### What is expected
An exact copy of all the data below is needed, without its pictures.

### Stored data
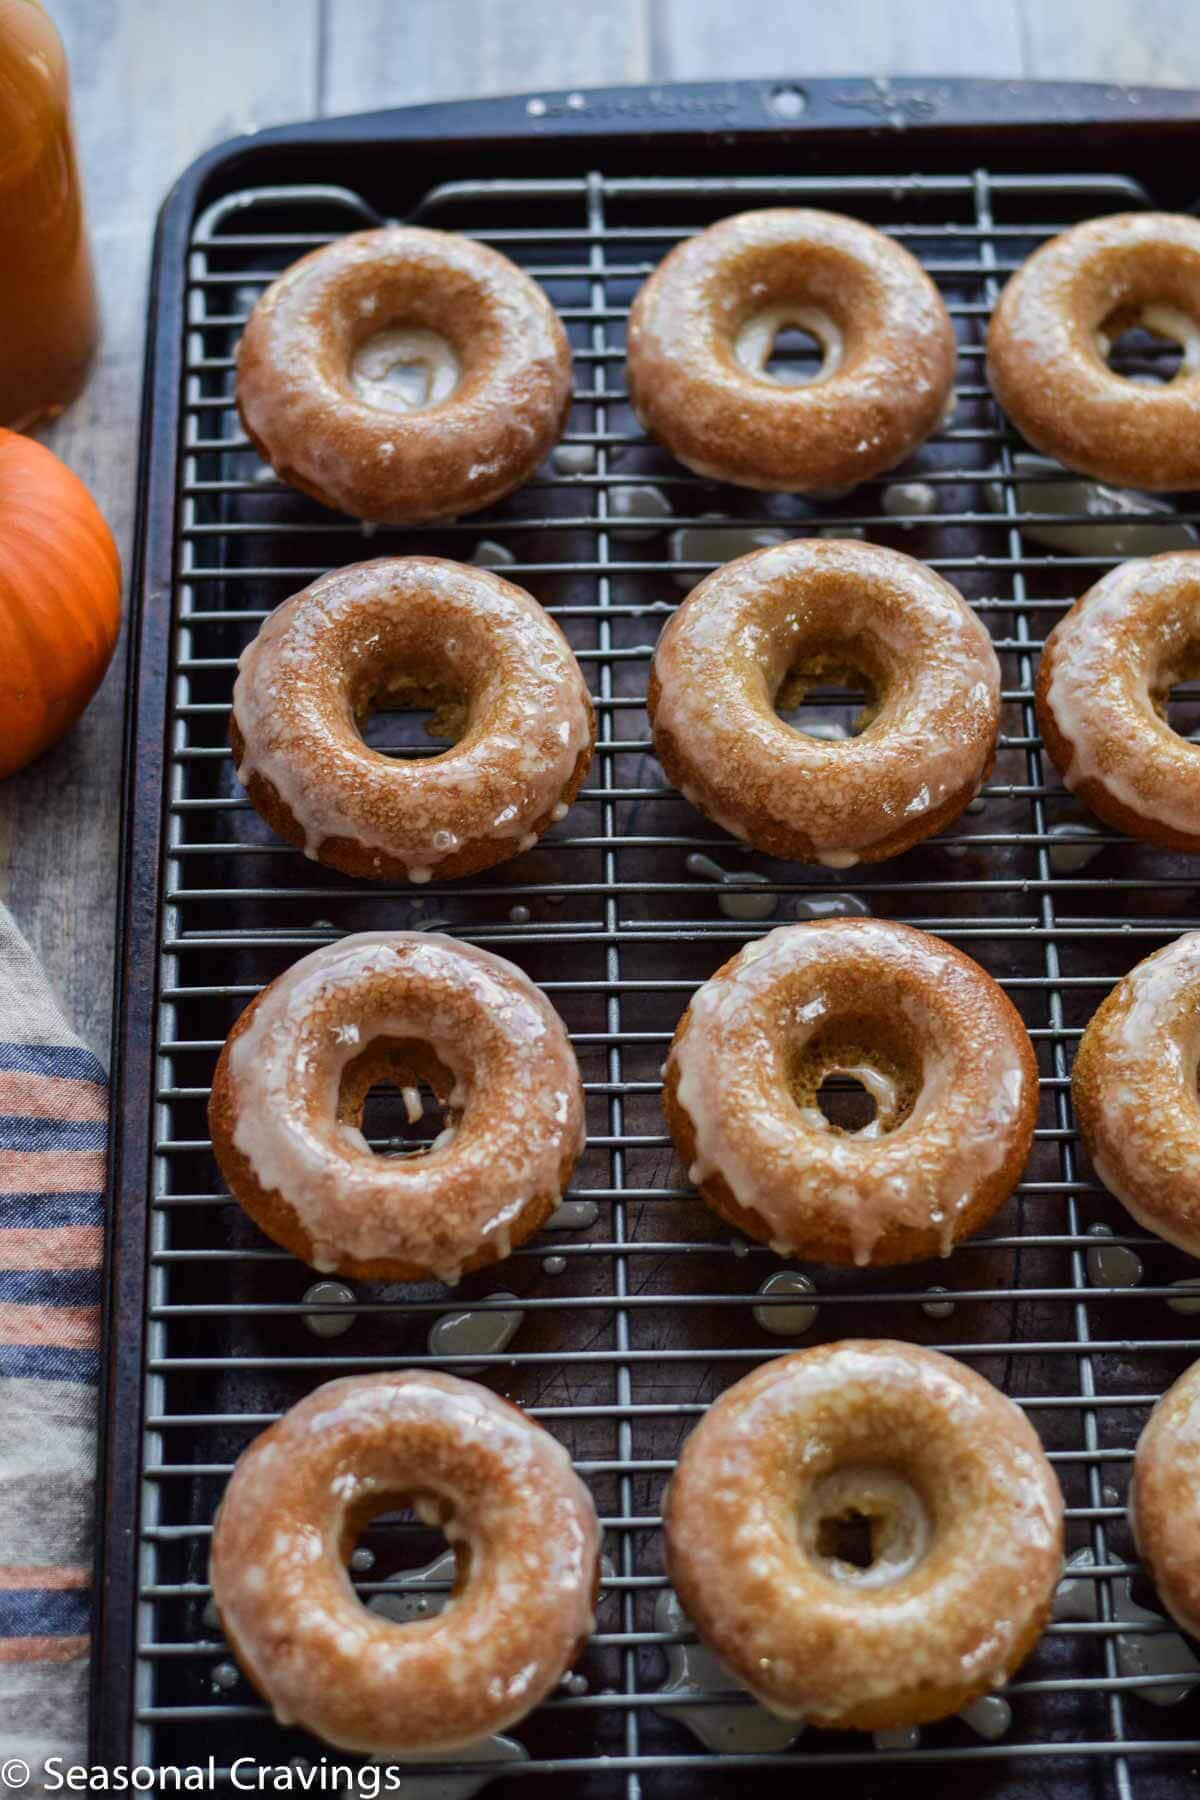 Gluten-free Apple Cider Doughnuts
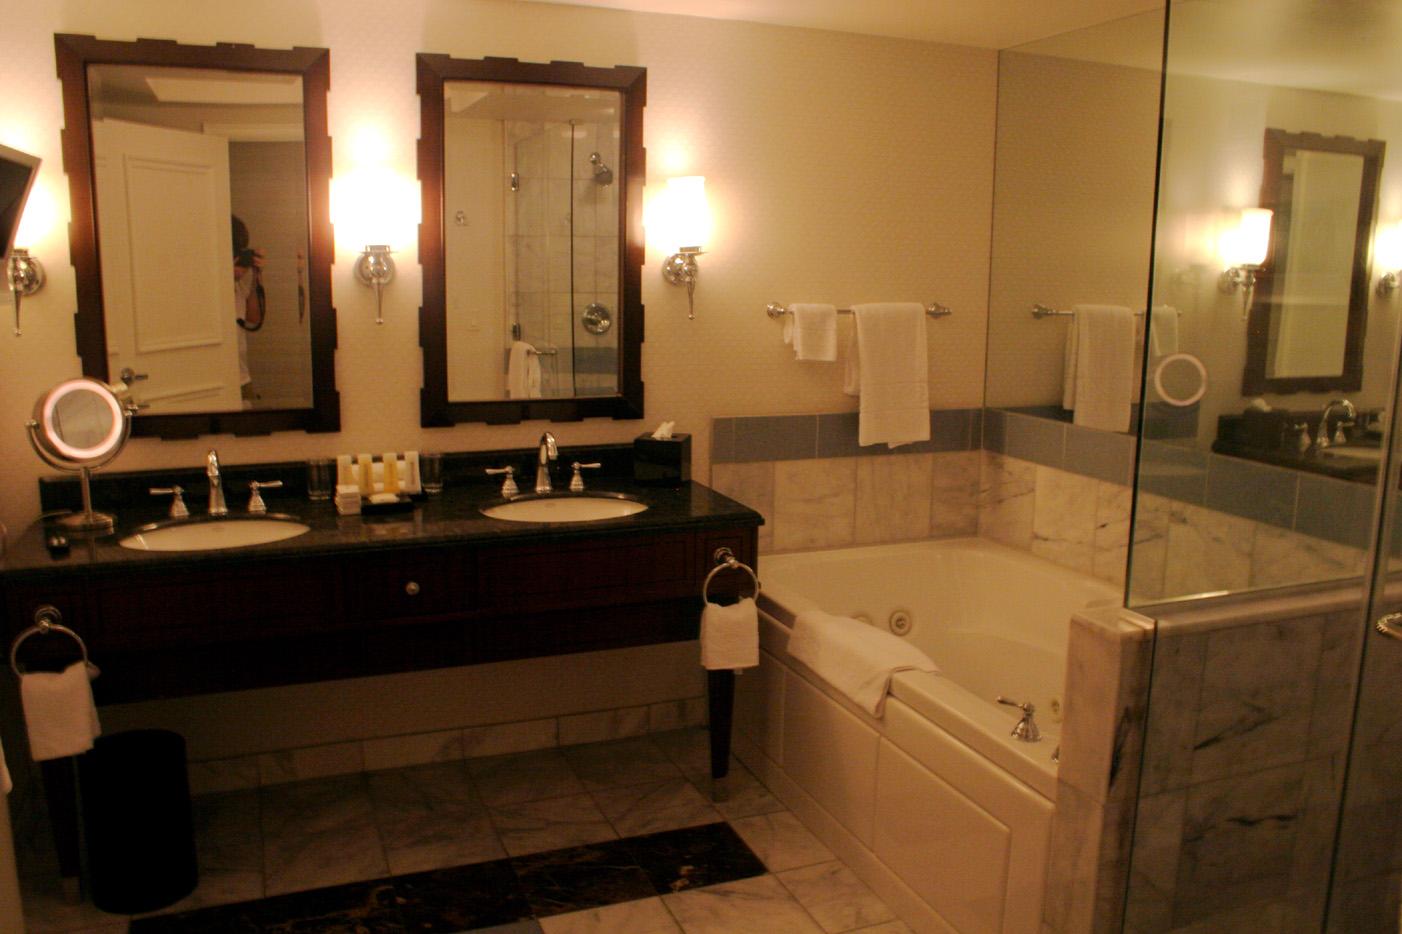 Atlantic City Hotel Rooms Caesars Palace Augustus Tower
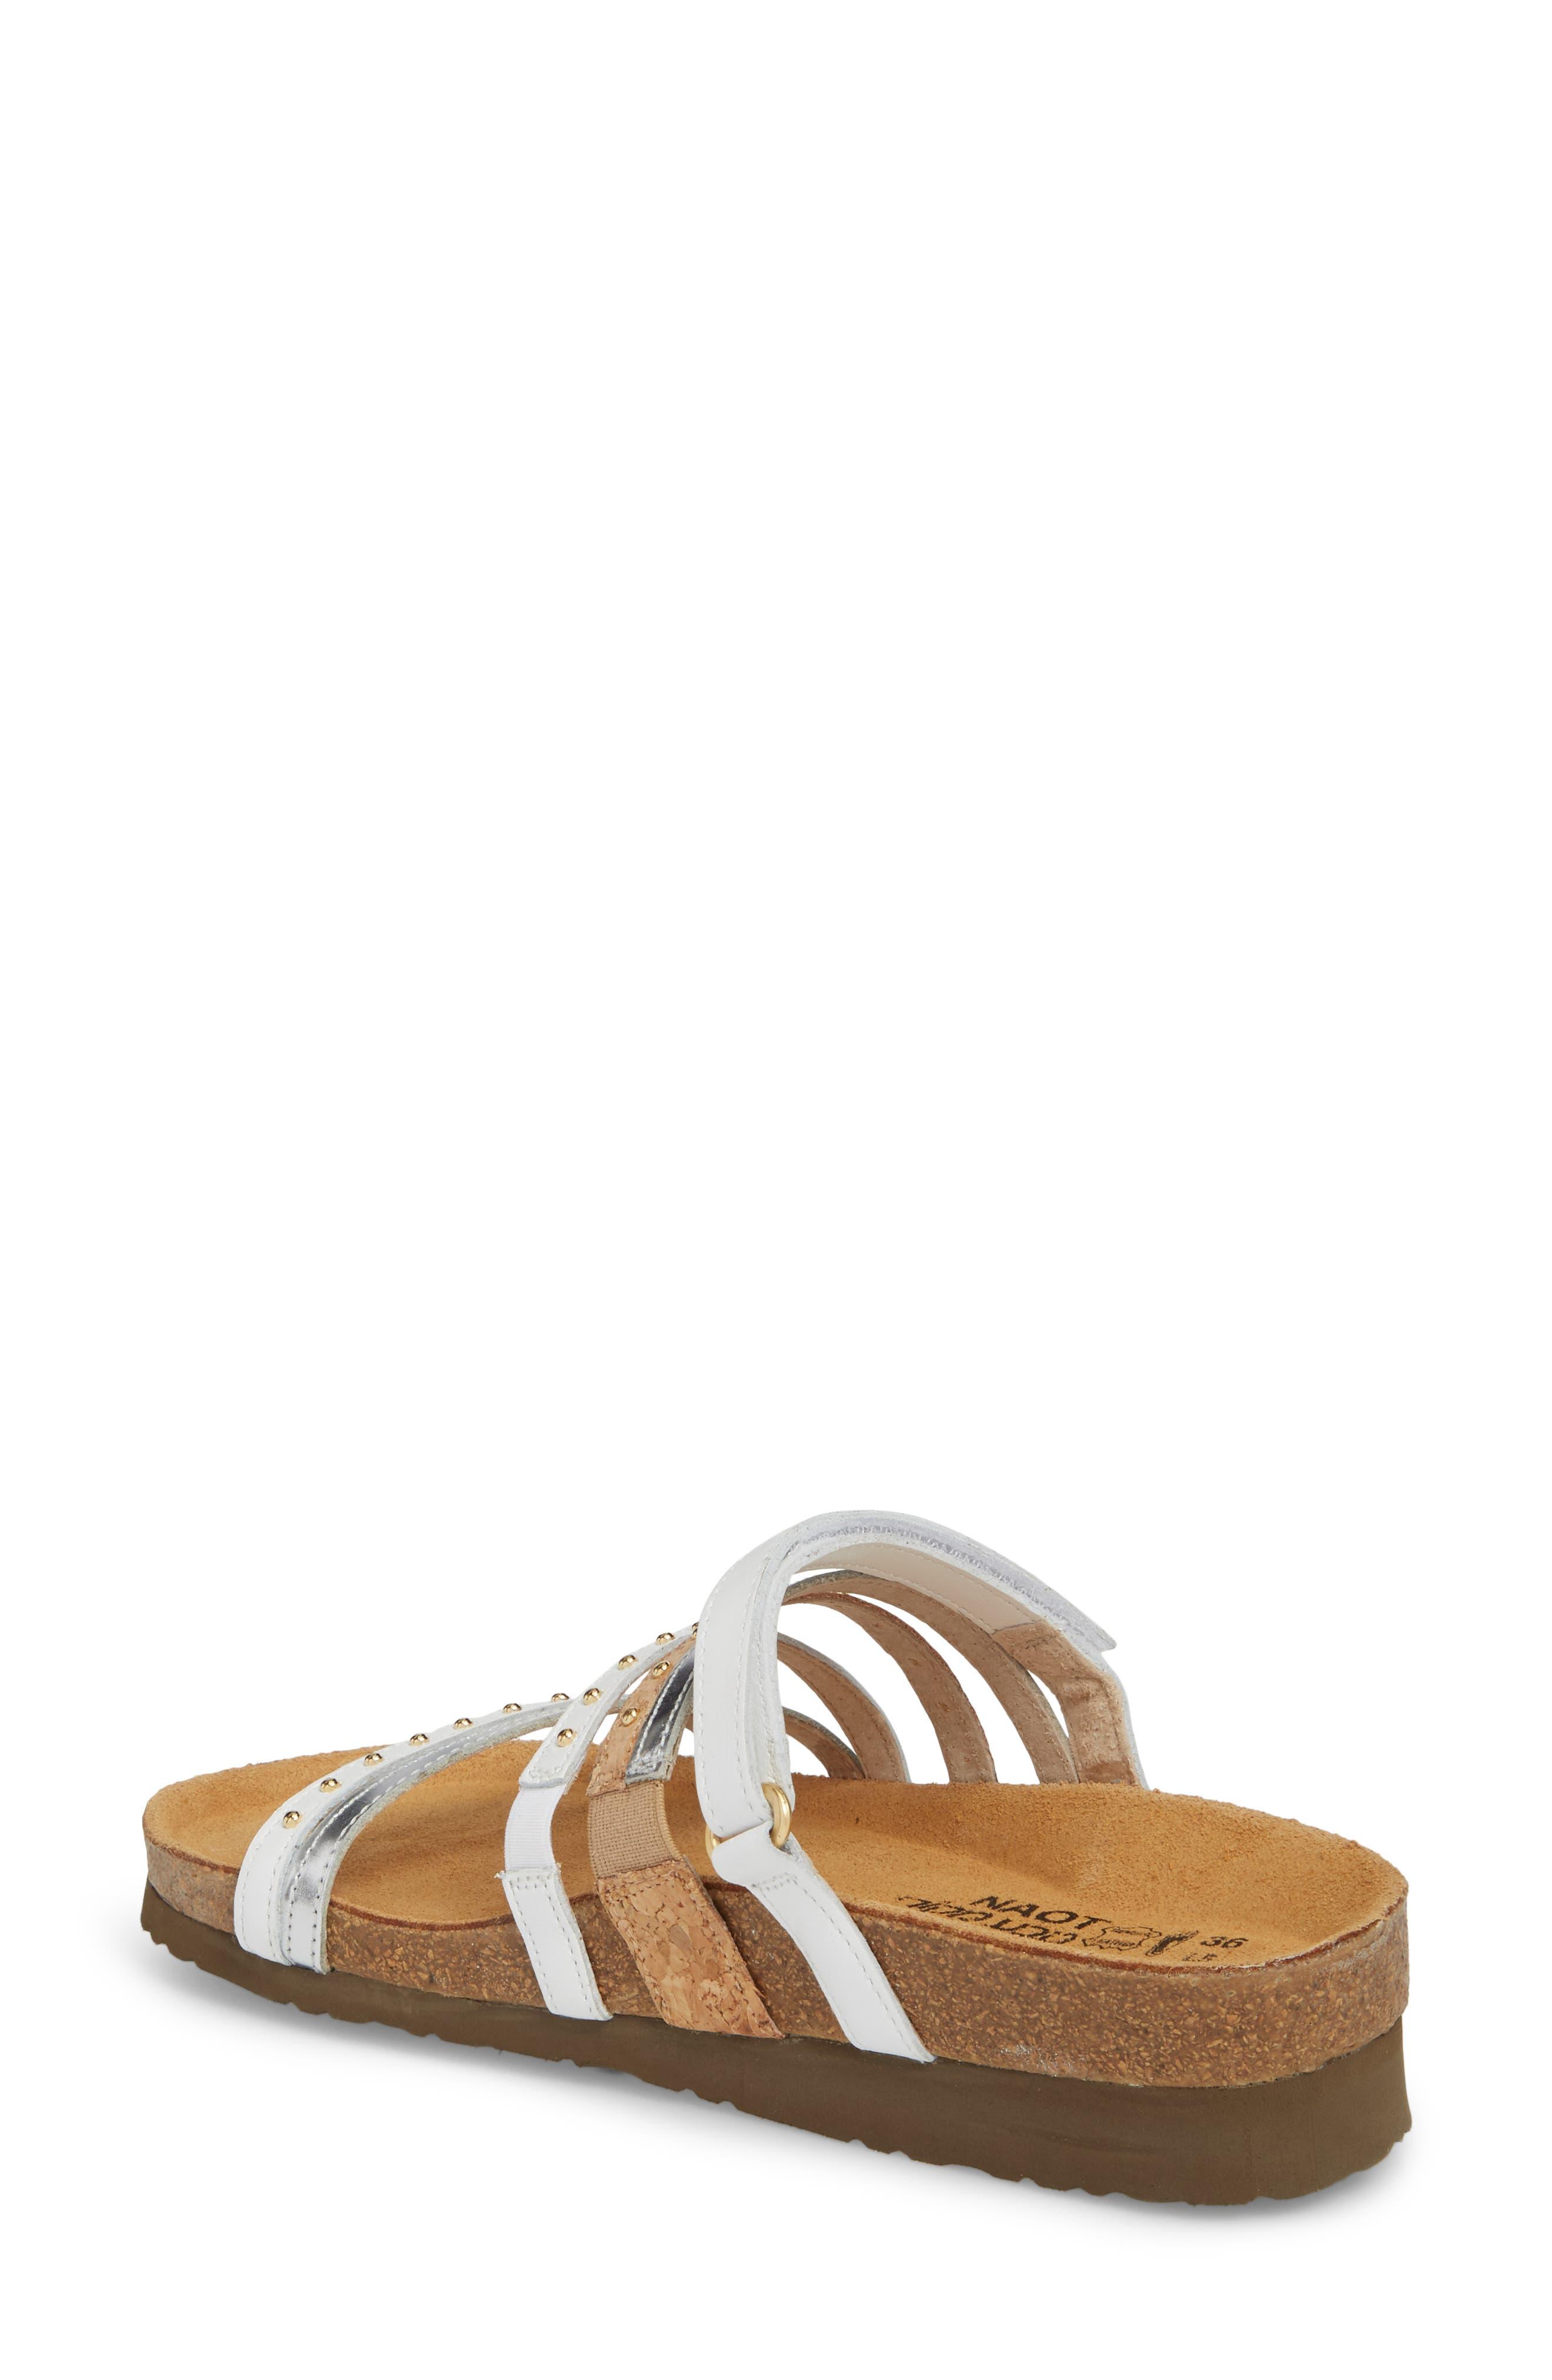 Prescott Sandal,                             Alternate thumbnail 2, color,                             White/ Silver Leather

### Result of this exercise
 Gluten-free Apple Cider Doughnuts
 Atlantic City Hotel Rooms Caesars Palace Augustus Tower
 Prescott Sandal,                             Alternate thumbnail 2, color,                             White/ Silver Leather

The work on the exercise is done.